_Problem to solve_:
Reproduce the listing below word for word, with no pictures.

_Data extract_:
__________________________________________________

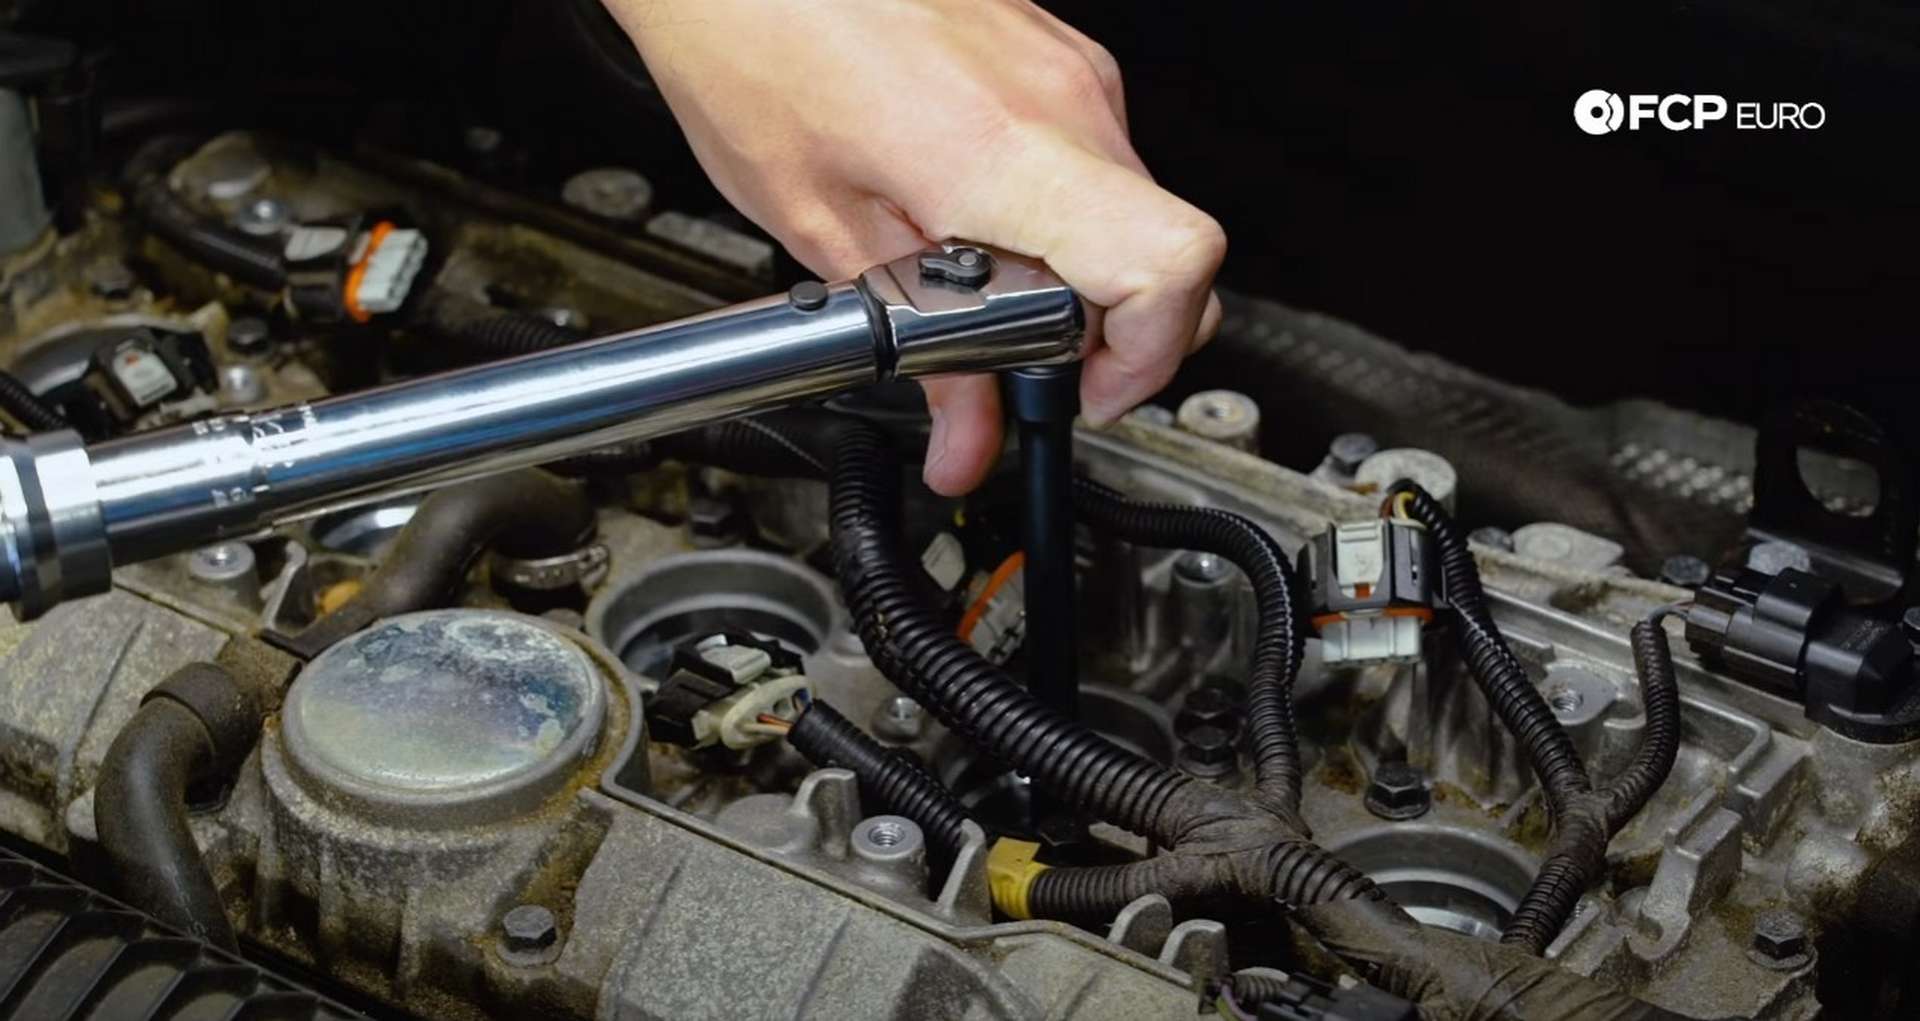 DIY Volvo Spark Plug and Ignition Coil Replacement torquing the new spark plugs
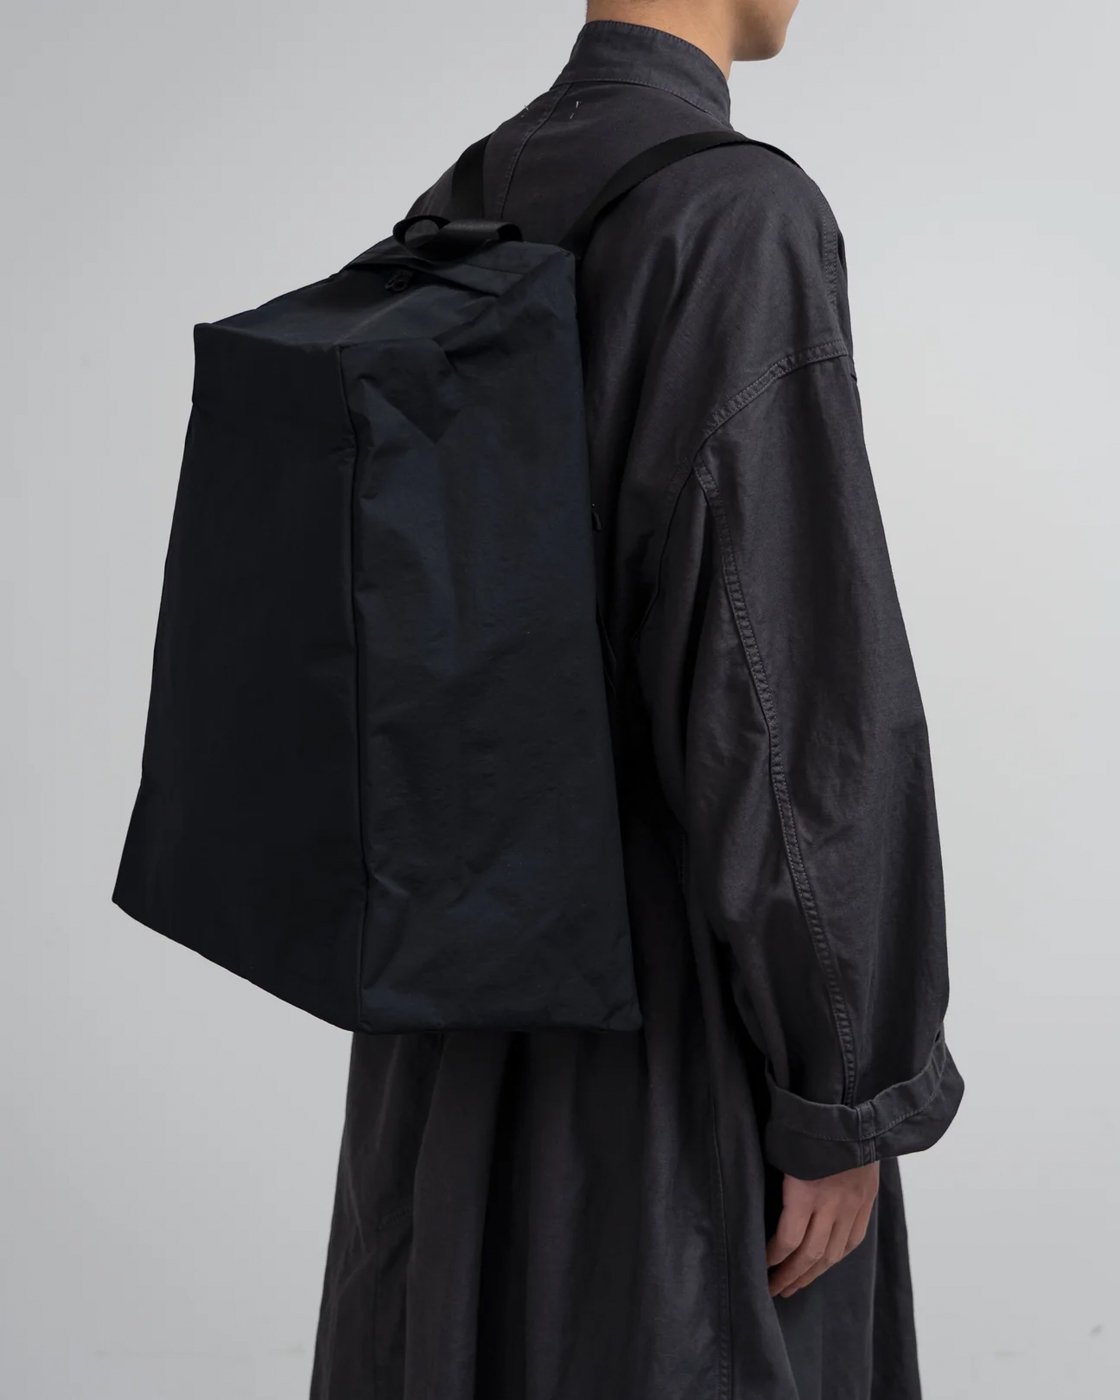 Graphpaper * Blankof for GP Back Pack ”TRAPEZOID” * Black
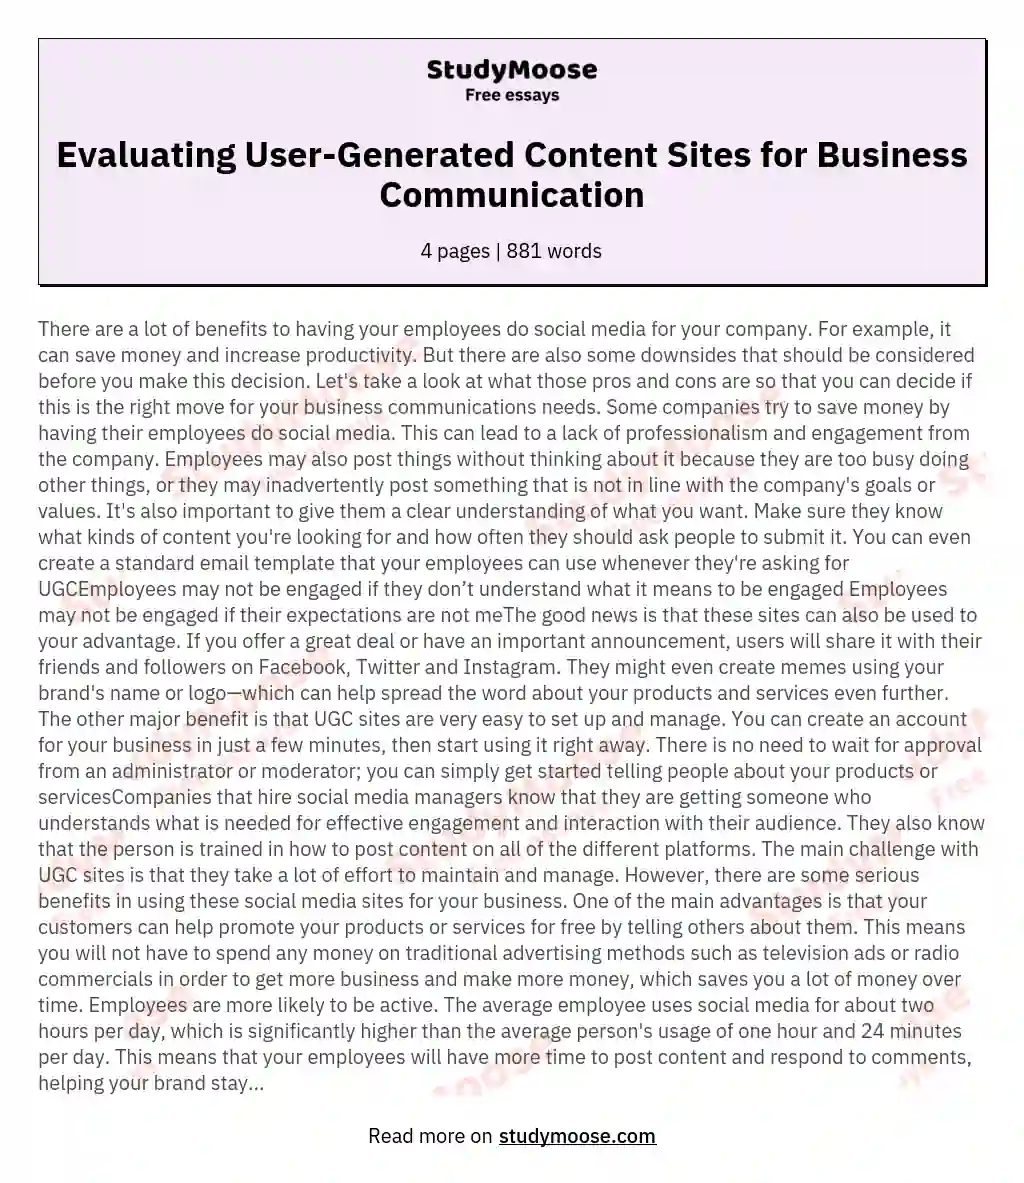 Evaluating User-Generated Content Sites for Business Communication essay
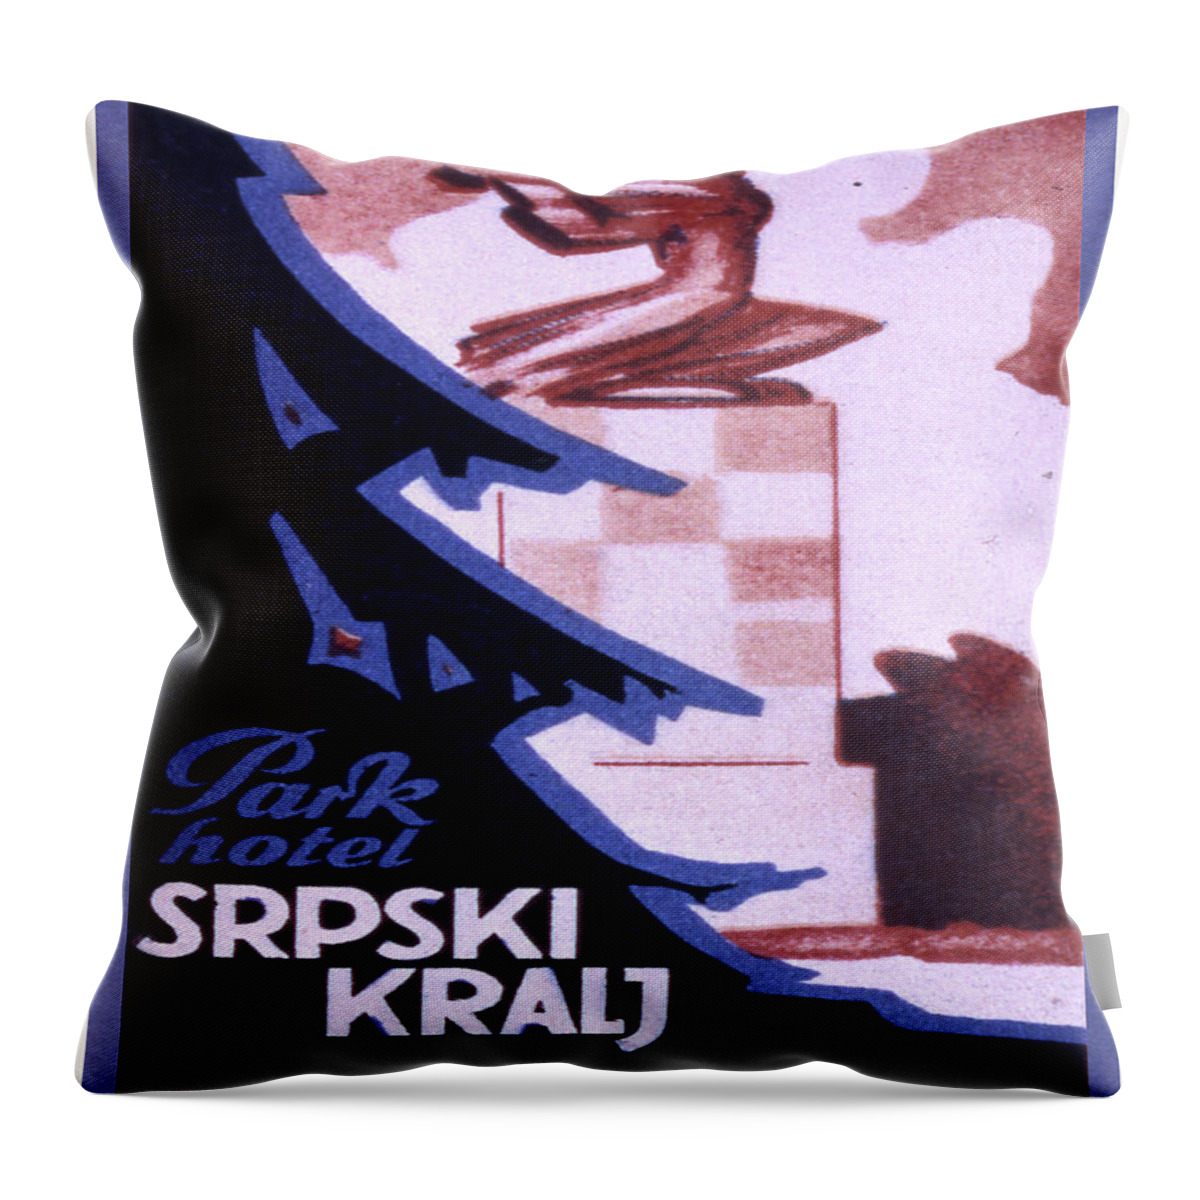 Luggage Throw Pillow featuring the painting Park Hotel #4 by Unknown

__________________________________________________

_Response below_:
 DIY Volvo Spark Plug and Ignition Coil Replacement torquing the new spark plugs
 Graphpaper * Blankof for GP Back Pack ”TRAPEZOID” * Black
 Evaluating User-Generated Content Sites for Business Communication essay
 Luggage Throw Pillow featuring the painting Park Hotel #4 by Unknown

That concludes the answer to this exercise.